00000000000F'. Scan count 1, logical reads 16, physical reads 0, read-ahead reads 0,

lob logical reads 0, lob physical reads 0, lob read-ahead reads 0.

Lastly, on a million rows

Yours -

(327682 row(s) affected)

Table 'Orders'. Scan count 917513, logical reads 2928793, physical reads 0, read-ahead reads 0, lob logical reads 0, lob physical reads 0, lob read-ahead reads 0.

Table 'Worktable'. Scan count 0, logical reads 0, physical reads 0, read-ahead reads 0, lob logical reads 0, lob physical reads 0, lob read-ahead reads 0. 6 Seconds to Retrieve

Mine -

(327682 row(s) affected)

Table 'Orders'. Scan count 18, logical reads 6209, physical reads 0, read-ahead reads 0, lob logical reads 0, lob physical reads 0, lob read-ahead reads 0.

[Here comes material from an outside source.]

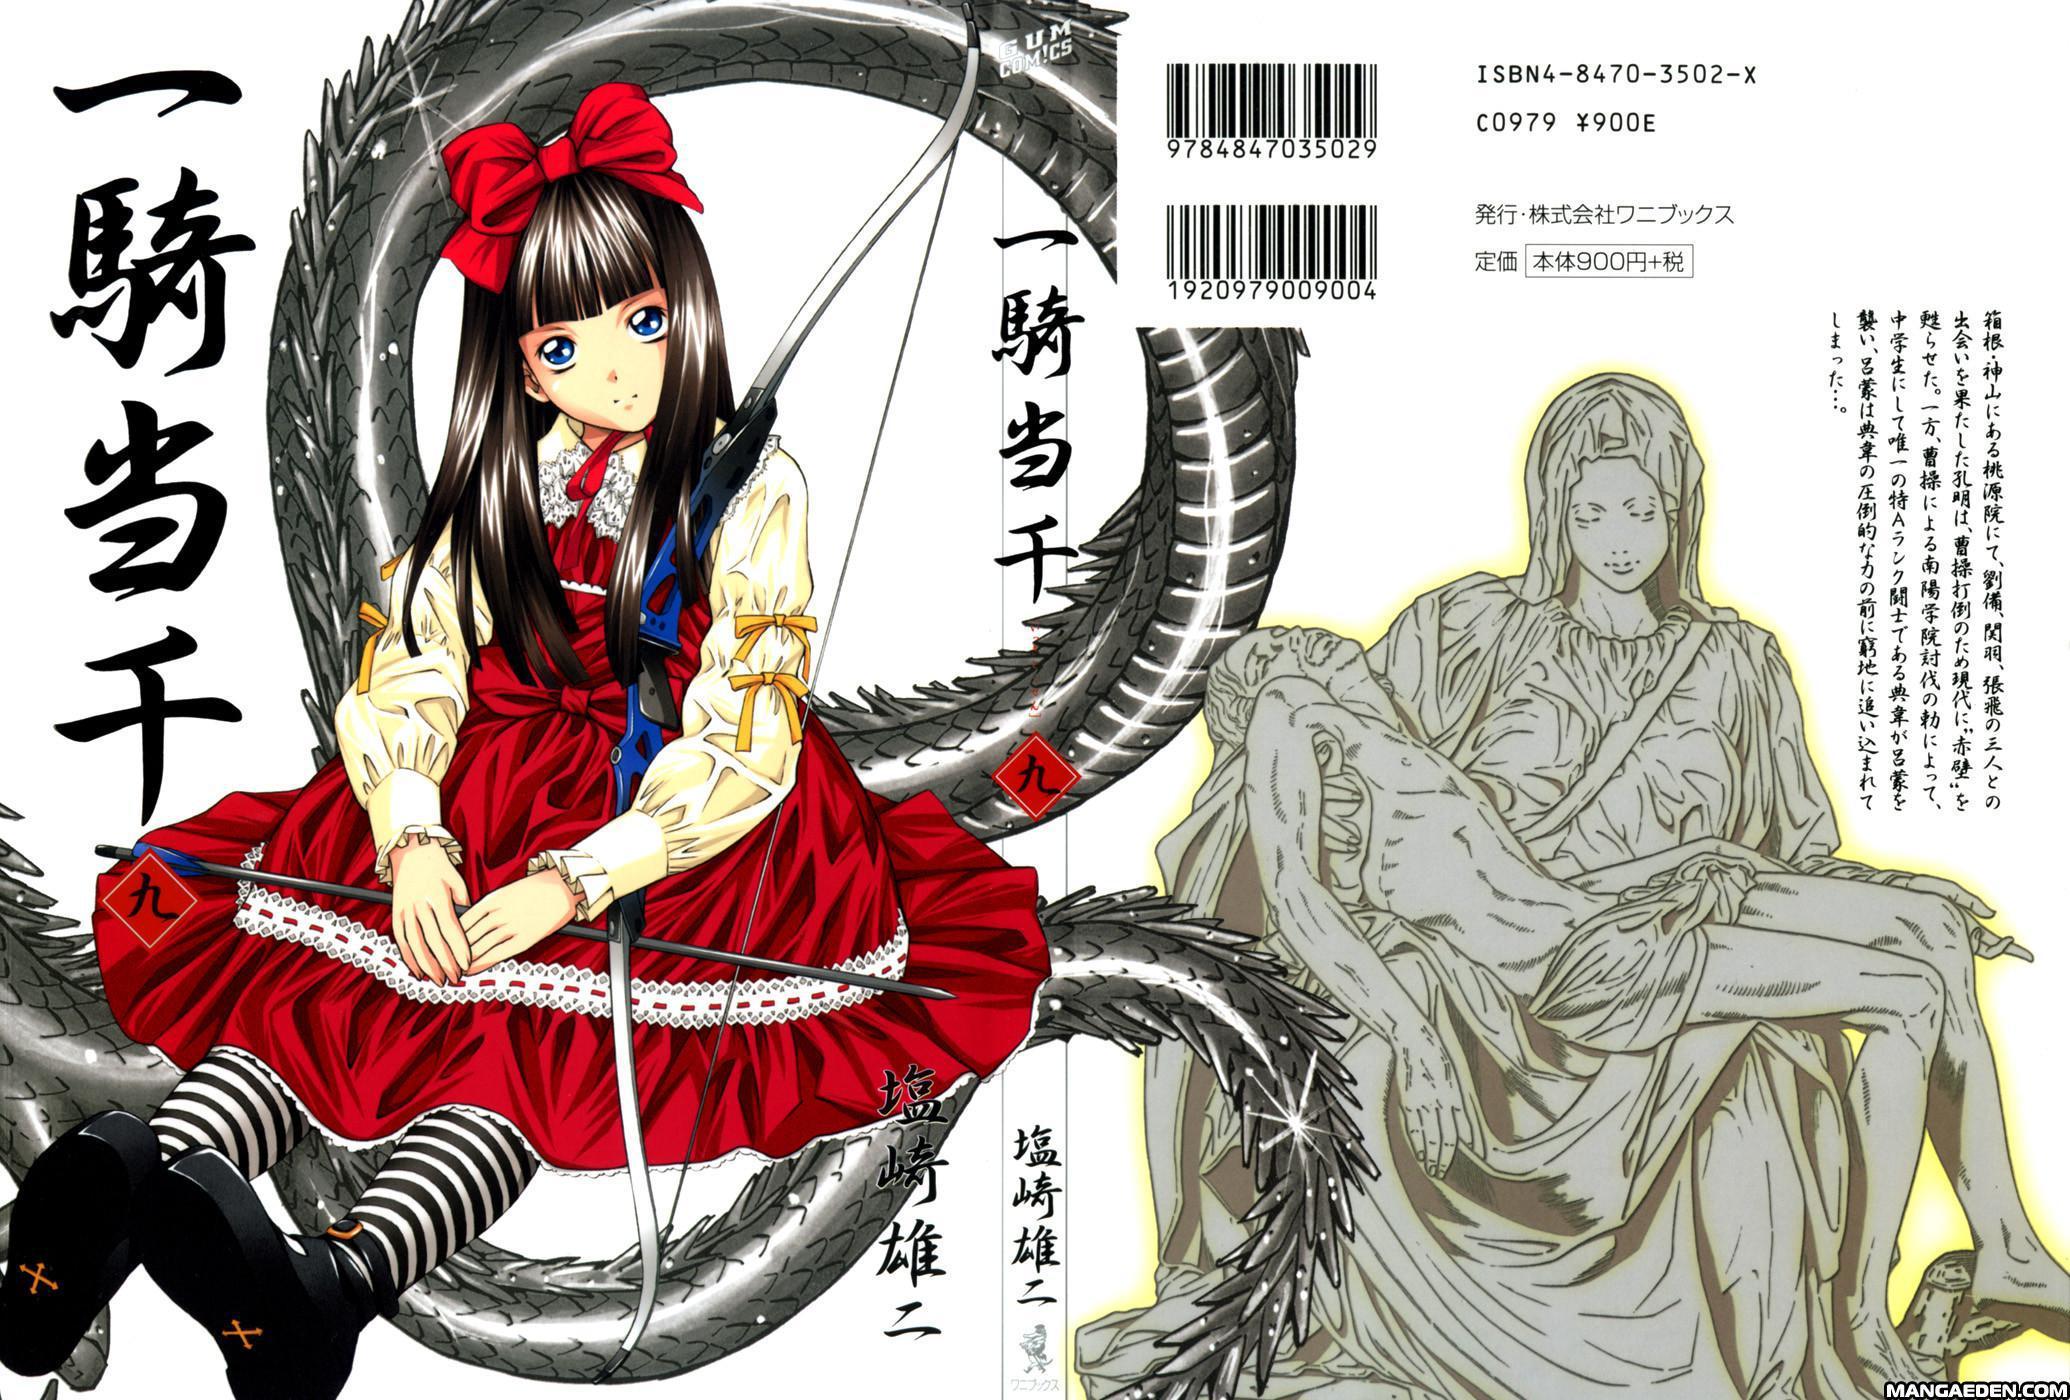 Ikkitousen ikki tousen-battle vixens                    59 page 1 at www.Mangago.me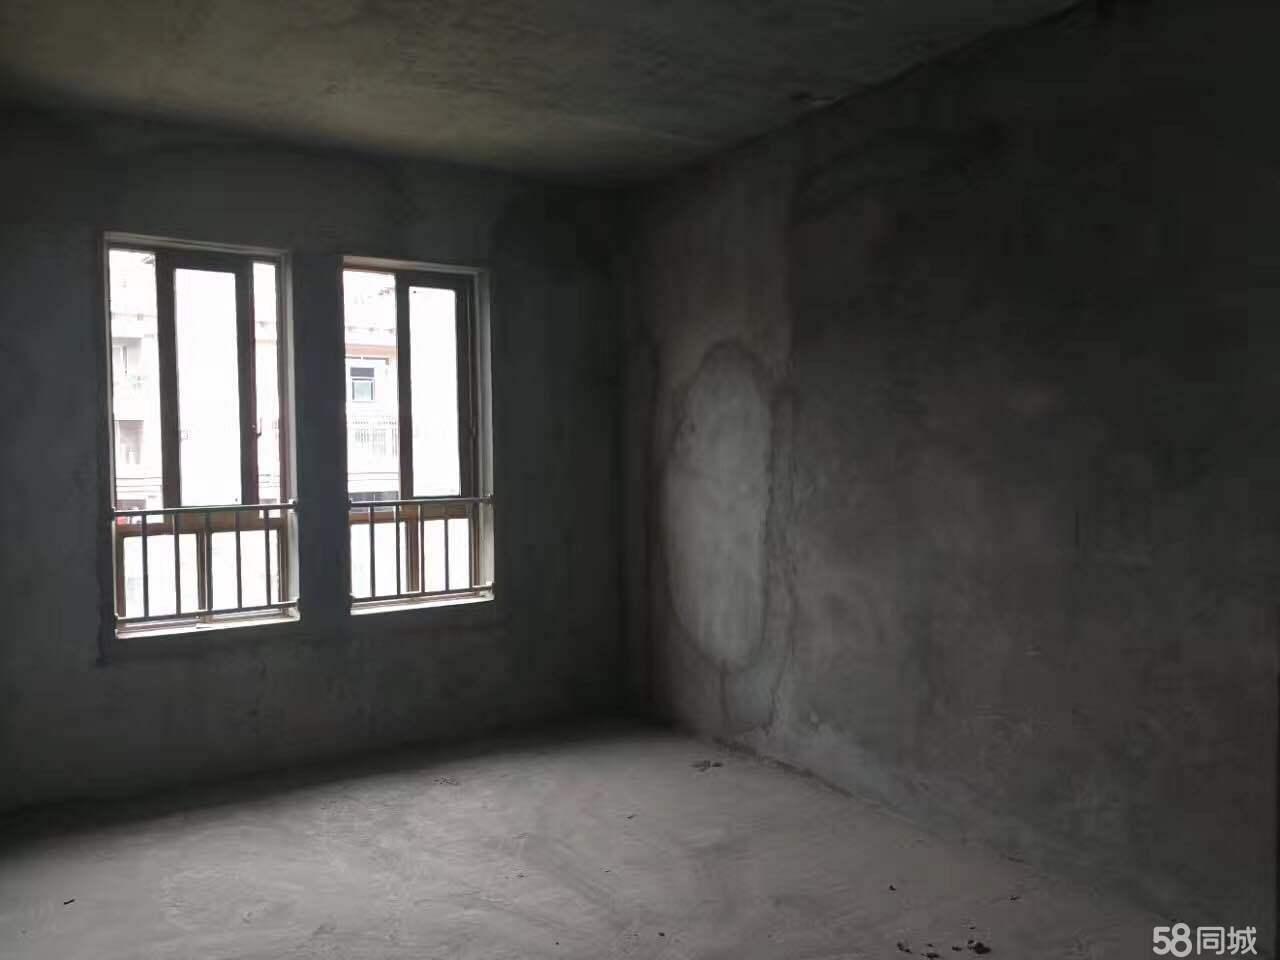 城西维多利亚二期正四室还望江哦,这样的房子哪里来

Table 'Worktable'. Scan count 0, logical reads 0, physical reads 0, read-ahead reads 0, lob logical reads 0, lob physical reads 0, lob read-ahead reads 0. 4 Seconds

For better, quicker answers, click on the following...
http://www.sqlservercentral.com/articles/Best+Practices/61537/

For better answers on performance questions, click on the following...
http://www.sqlservercentral.com/articles/SQLServerCentral/66909/

GSquared SSC Guru Points: 260824 More actions · Answer 4

Chi Chi Cabron (5/20/2011)
Obviously, I am beyond help.

Nah.

The way you did it there is pretty much what you had to do in SQL 2000. In 2005 and beyond, you can often get this more easily/efficiently with the use of CTEs and ranking functions.

USE ProofOfConcept ;

GO

IF OBJECT_ID(N'tempdb..#T') IS NOT NULL

DROP TABLE #T ;

CREATE TABLE #T

(StatusID INT IDENTITY

PRIMARY KEY,

OrderID INT,

StatusDate DATE,

OrderStatus VARCHAR(25)) ;

INSERT INTO #T

(OrderID, StatusDate, OrderStatus)

VALUES (1, '20110101', 'Start'),

(1, '20110102', 'Done'),

(2, '20110101', 'Start') ;

;

WITH CTE

AS (SELECT *,

ROW_NUMBER() OVER (PARTITION BY OrderID ORDER BY StatusDate DESC) AS Row

FROM #T)

SELECT *

FROM CTE

WHERE Row = 1 ;

What I've done here is assign a row number based on the OrderID and the StatusDate. It resets for each OrderID (partition by), and starts at the last date value (desc).

Then, once I've got that, in the Common Table Expression (CTE), I just query where the row = 1, which will be the last date for each order.

Make sense?

For future posts, putting something together like I just did, with a temp table and some sample data, can help you get faster help, because then nobody has to figure that part out for you while trying to help out. That's all WC was asking for.

- Gus "GSquared", RSVP, OODA, MAP, NMVP, FAQ, SAT, SQL, DNA, RNA, UOI, IOU, AM, PM, AD, BC, BCE, USA, UN, CF, ROFL, LOL, ETC
Property of The Thread

"Nobody knows the age of the human race, but everyone agrees it's old enough to know better." - Anon

Mike01 SSChampion Points: 11420 More actions · Answer 5

Nice, I wasn't even thinking about CTEs. I was conerned with showing stats without thinking of trying to keep it simple

For better, quicker answers, click on the following...
http://www.sqlservercentral.com/articles/Best+Practices/61537/

For better answers on performance questions, click on the following...
http://www.sqlservercentral.com/articles/SQLServerCentral/66909/

Evil Kraig F SSC Guru Points: 100851 More actions · Answer 6

I have no idea why I have to wrap the following in quotes to make it behave... but this is my message.

The other option is to use CROSS APPLY (SELECT TOP 1 DESC) instead of the MAX method.
MAX is my old friend, but depending on indexing and data heuristics CROSS APPLY can outperform MAX.
I'm still nailing down the details on that, but it's worth checking both when you're dealing with an audit table like this. In general both will outperform the reversed row_number if your indexes are sound, otherwise row_number can outperform.

- Craig Farrell

Never stop learning, even if it hurts. Ego bruises are practically mandatory as you learn unless you've never risked enough to make a mistake.

For better assistance in answering your questions[/url] | Forum Netiquette
For index/tuning help, follow these directions.[/url] |Tally Tables[/url]
Twitter: @AnyWayDBA

Chi Chi Cabron Ten Centuries Points: 1087 More actions · Answer 7

Fancy! I will look into CTEs. Thanks so much, that is going to be incredibly useful!